At her graduation, chosen to speak by her classmates, she lauded campus protests as "an attempt (by students) to find an identity" that would be consistent with the "original ideas" of America while freeing students from "the prevailing acquisitive and competitive corporate life." Later, in law school at Yale, she began to research the legal rights of children. She was an idealistic and dedicated--some friends say humorless--social activist, journeying to Texas to help register Latino voters, working for George McGovern's presidential campaign, and beginning an affiliation with the Children's Defense Fund that continued until this past January.

Not that she ever strayed far from the mainstream. While in college, for example, she worked for Eugene McCarthy's anti-war presidential bid and also for the candidacy of moderate Republican Nelson A. Rockefeller. "The most radical thing I did in the '60s was to become a Democrat," she has joked to friends. Looking back, Clinton still lays claim to her activist credentials, but she says she has mellowed. "I think I have understood much more about my own limits and the limits of human endeavor," she says. "I'm more patient.
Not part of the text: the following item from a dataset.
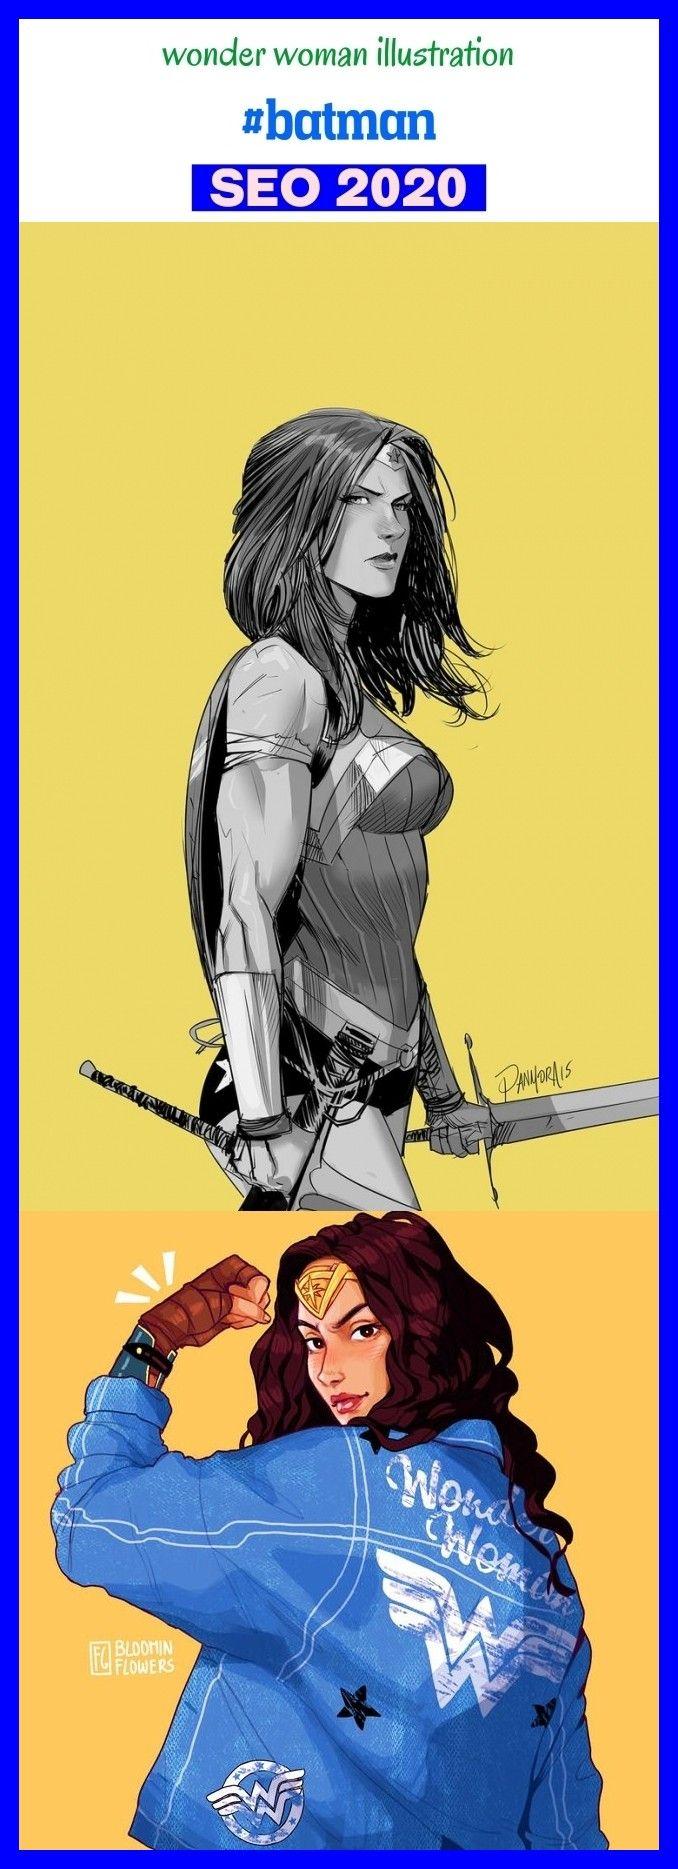 Wonder woman illustration #batman #blog #seo #geek. wonder woman costume, wonder…
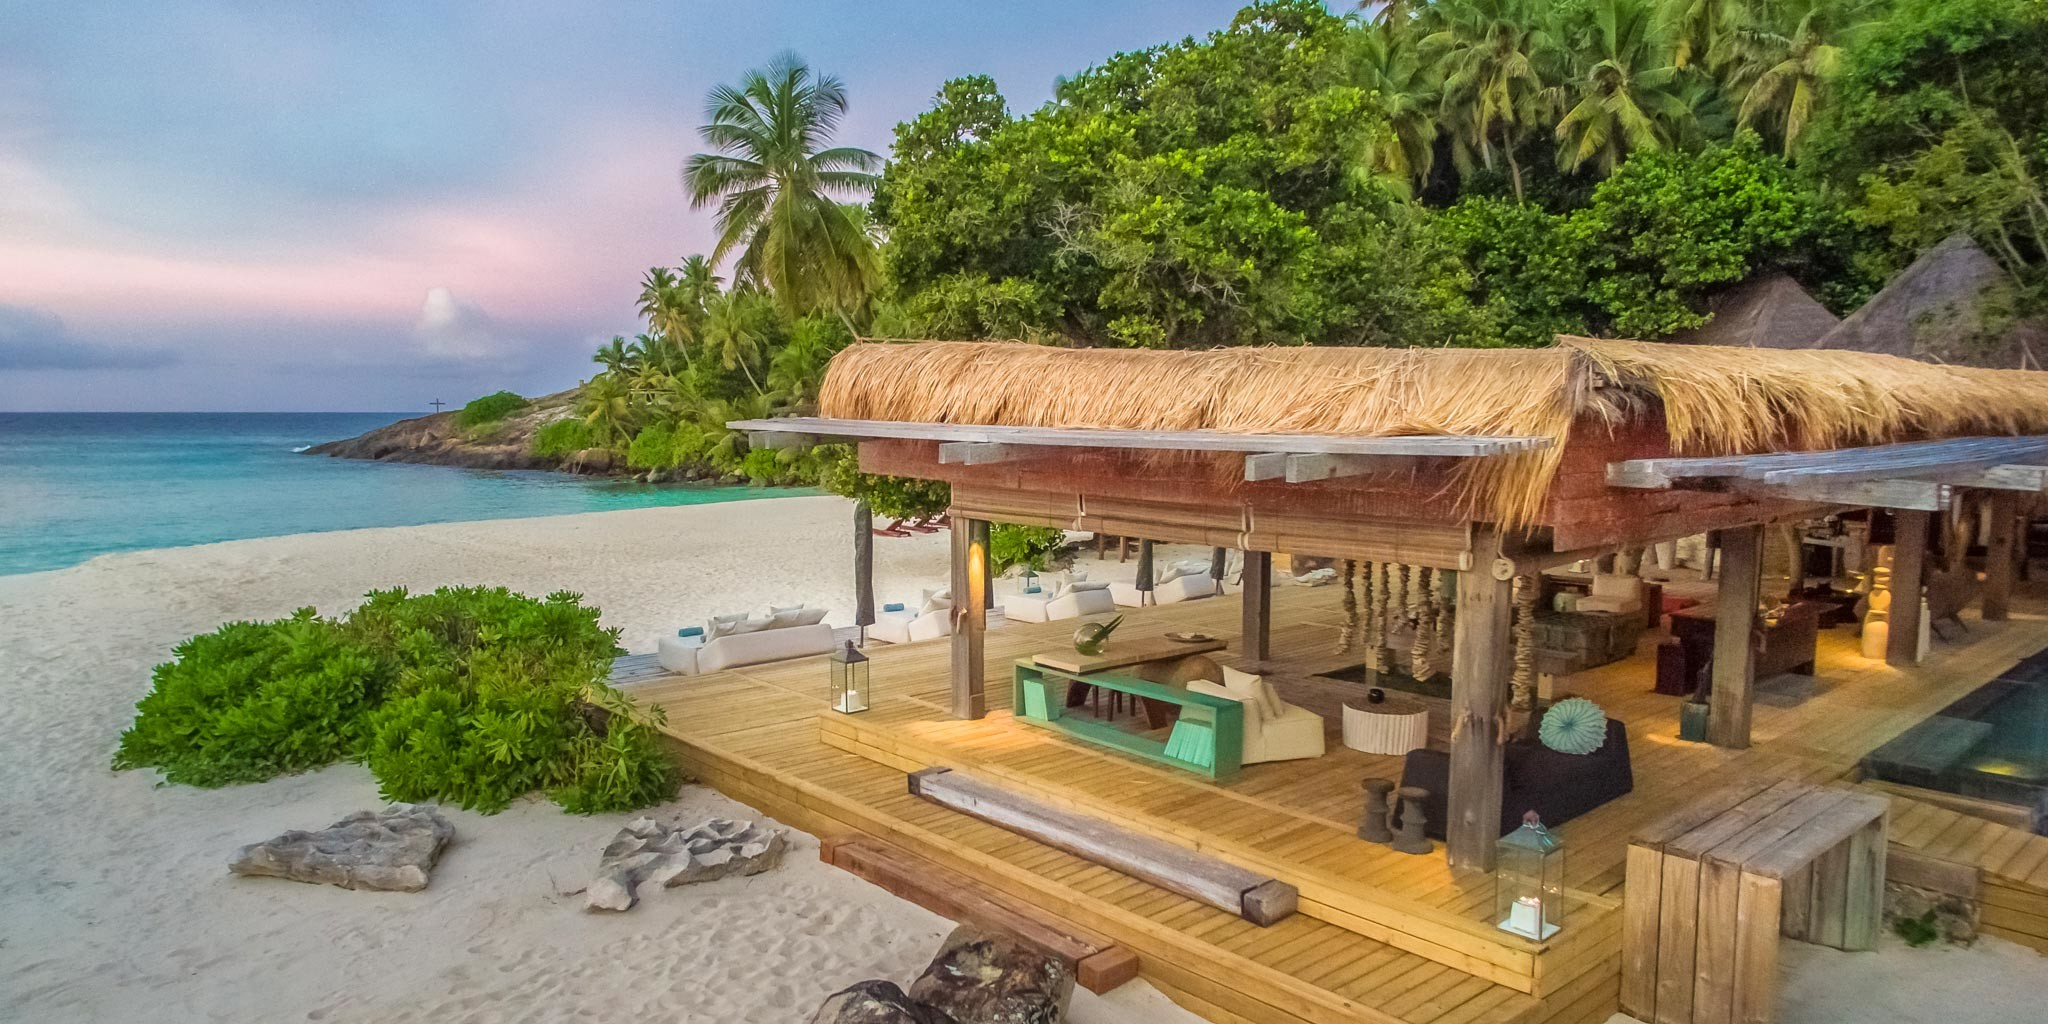 news-main-the-luxury-collection-simplante-sur-lile-de-north-island-aux-seychelles.1554814191.jpg

But I work hard not to become so patient that it slips into complacency in the face of injustice or unfairness. I think my commitment to that is as strong as it's ever been, but my understanding of the difficulties that confront the human experience are probably much deeper then they (were) when I was younger."

Now Clinton talks about the need for a complex, rather than a purely ideological view of the issues. And it is that complexity that allows her to call herself conservative.

During the 1970s and 1980s, for instance, liberal thought often de-emphasized the importance of families and absolved individuals of responsibility for their actions under the banner of "not blaming the victim." That position removed most liberals from the debate about the way broken families and a distorted culture can foster, say, urban violence. Clinton rejects that approach.